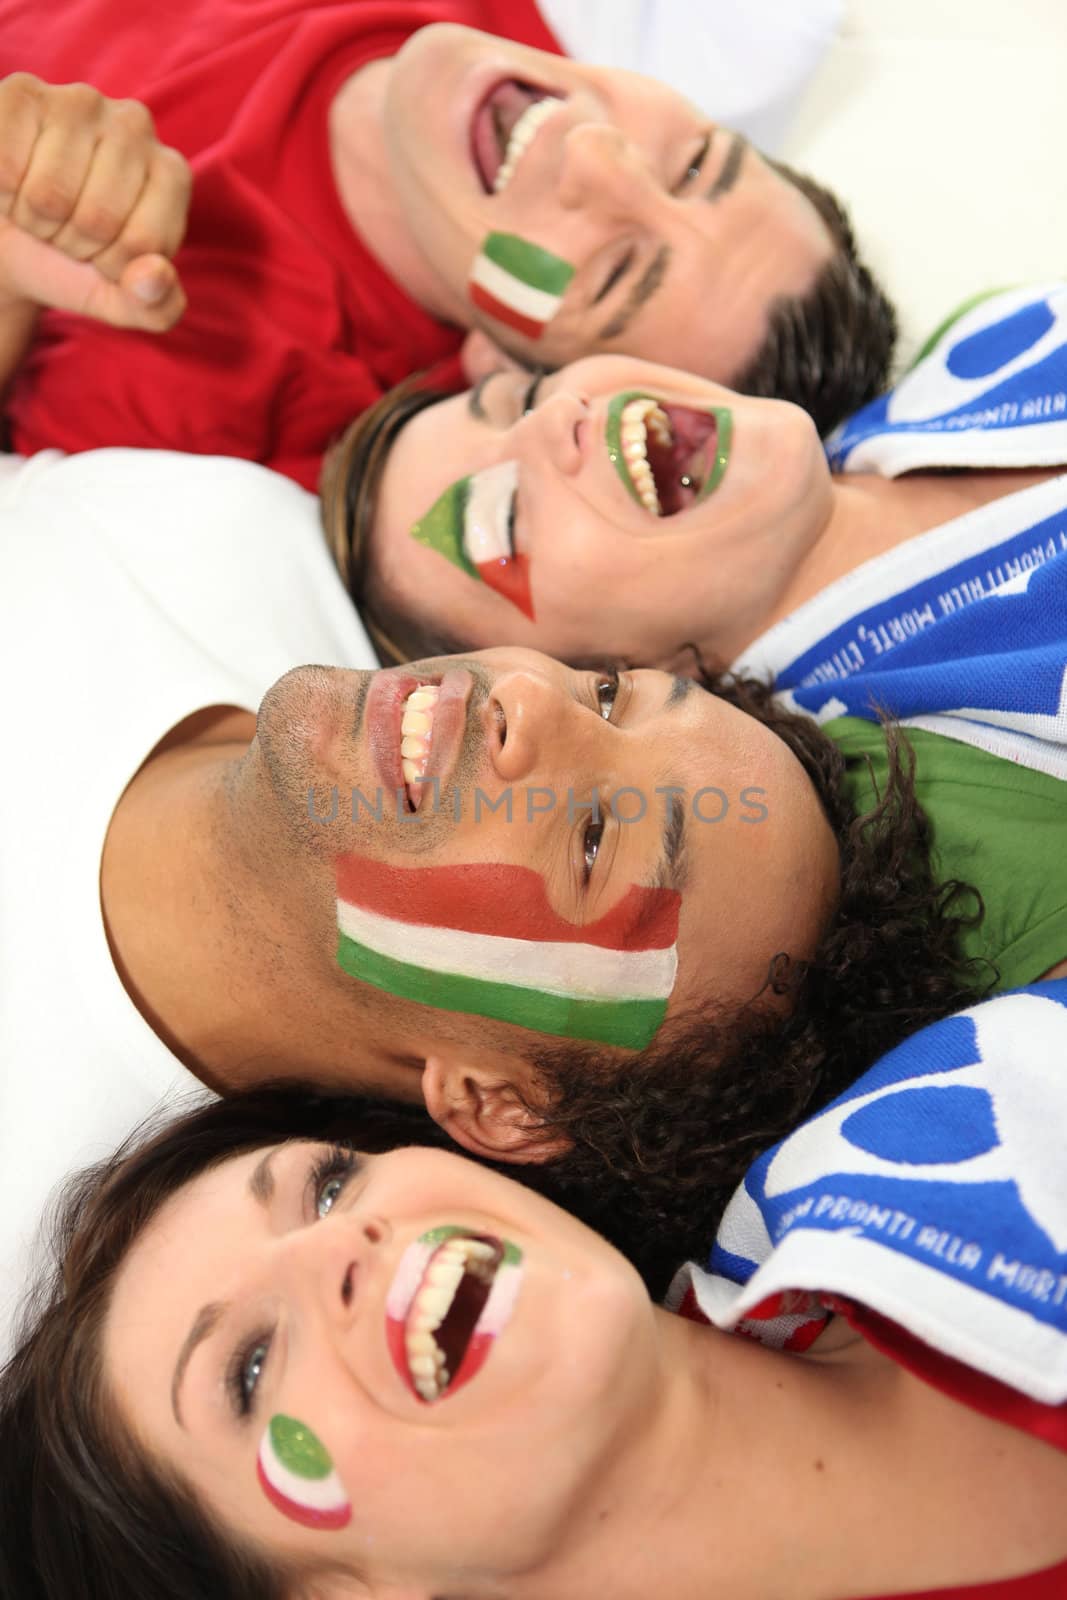 Italy supporters screaming by phovoir
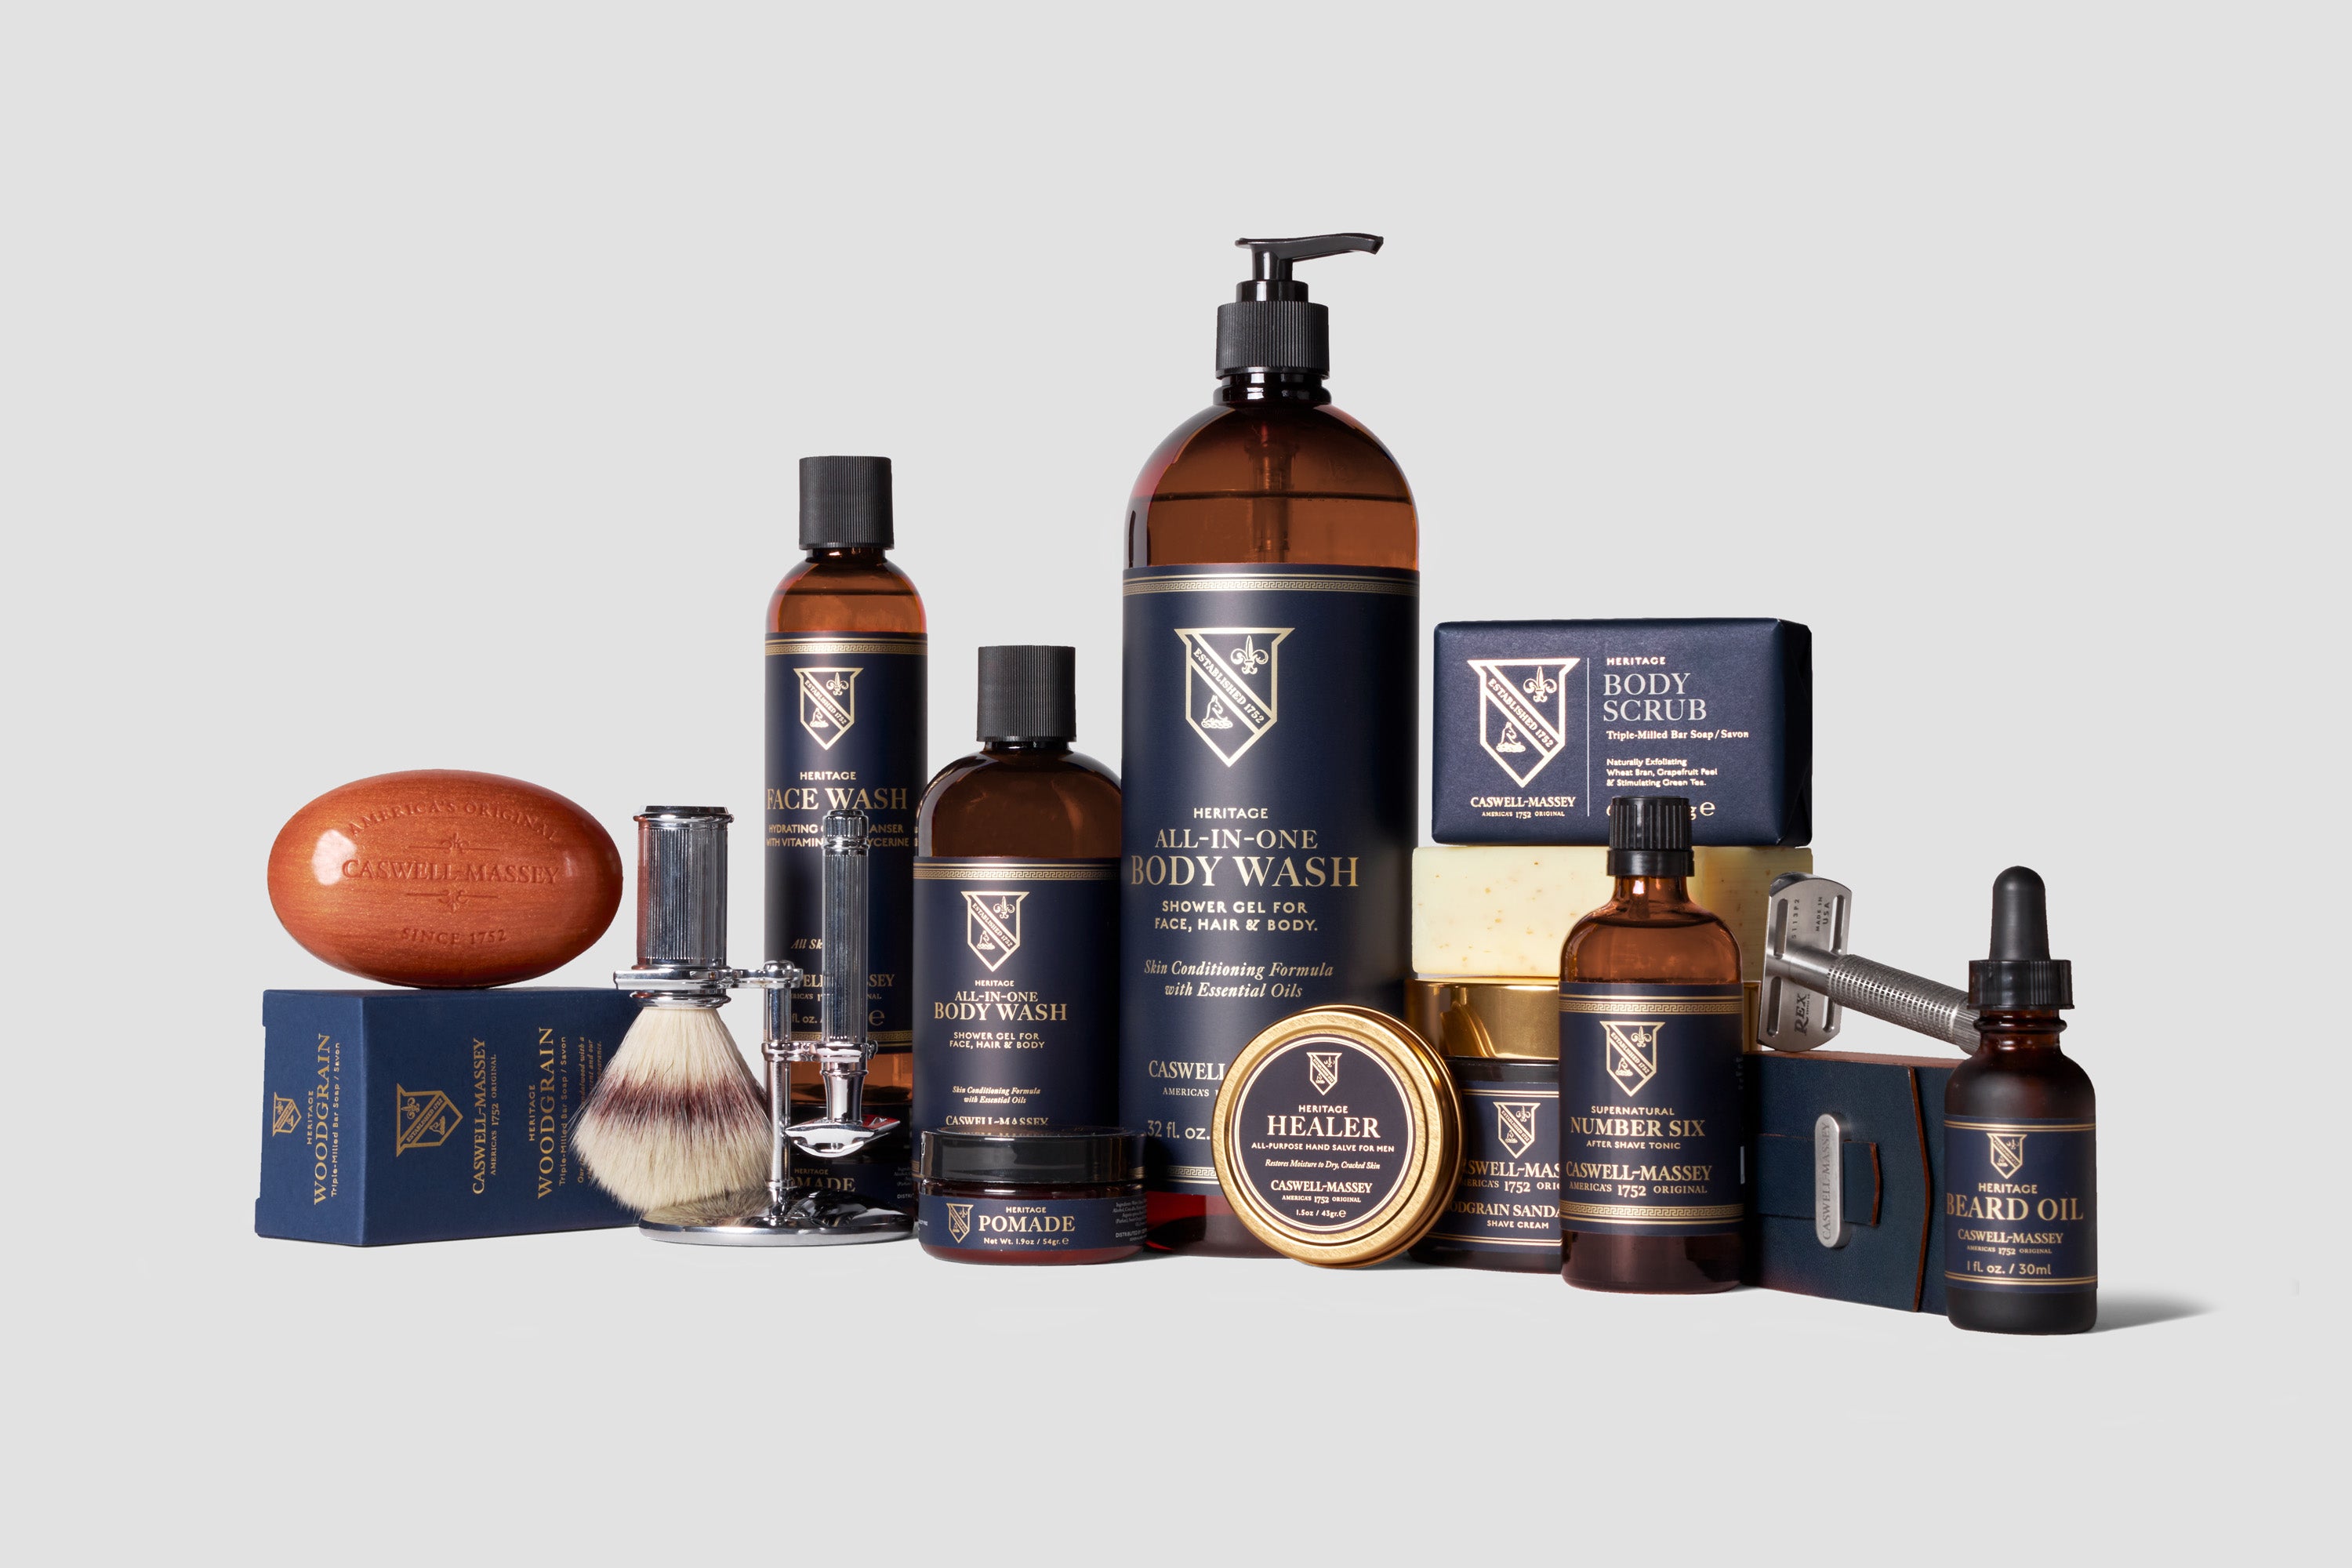 Caswell-Massey Heritage Collection for Men: image shows assortment of men's grooming products including Chrome Shave Set, Woodgrain Sandalwood Bar Soap, Heritage All-in-One Body Wash, Heritage Face Wash, Heritage Face & Beard Oil, Heritage Healer Hand Salve, Heritage Body Scrub Bar Soap, Number Six Shave Cream, and Number Six Aftershave
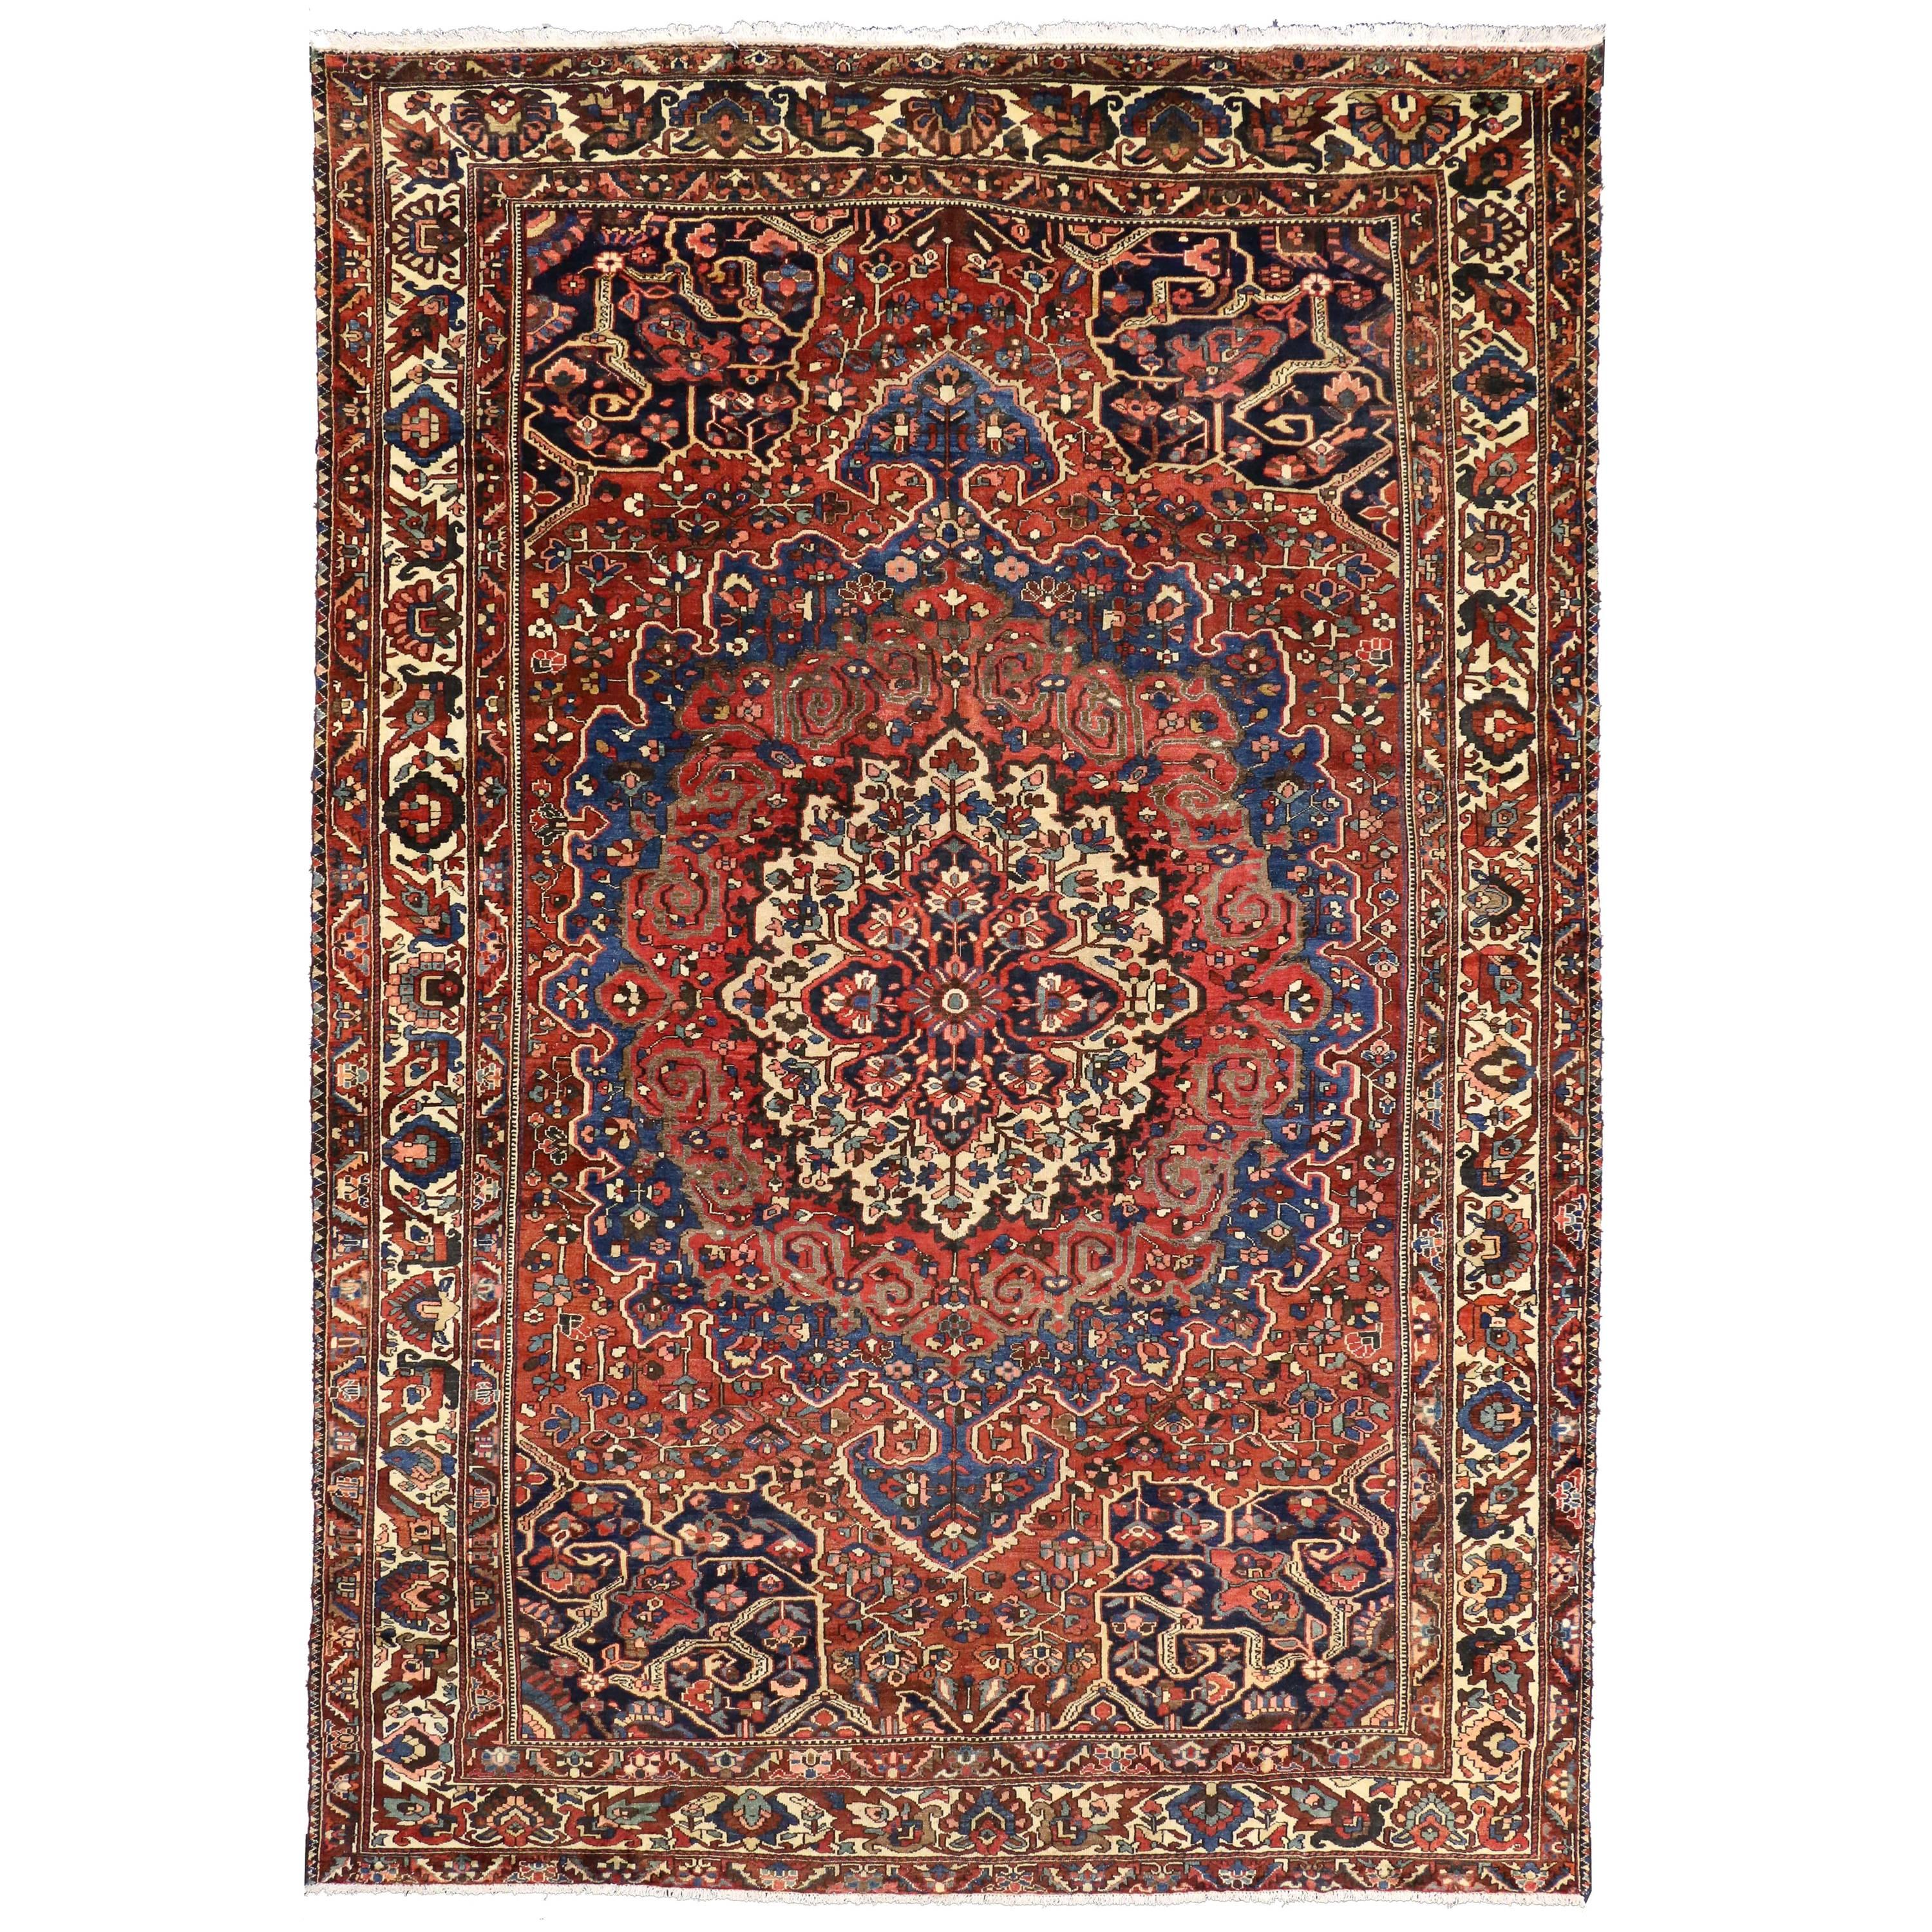 Antique Persian Bakhtiari Rug with Traditional Modern Style

**Task directions**
Exclude the pictures and print the rest of the data exactly.

**Answer area**
 Italy supporters screaming by phovoir
 Caswell-Massey Heritage Collection for Men: image shows assortment of men's grooming products including Chrome Shave Set, Woodgrain Sandalwood Bar Soap, Heritage All-in-One Body Wash, Heritage Face Wash, Heritage Face & Beard Oil, Heritage Healer Hand Salve, Heritage Body Scrub Bar Soap, Number Six Shave Cream, and Number Six Aftershave
 Antique Persian Bakhtiari Rug with Traditional Modern Style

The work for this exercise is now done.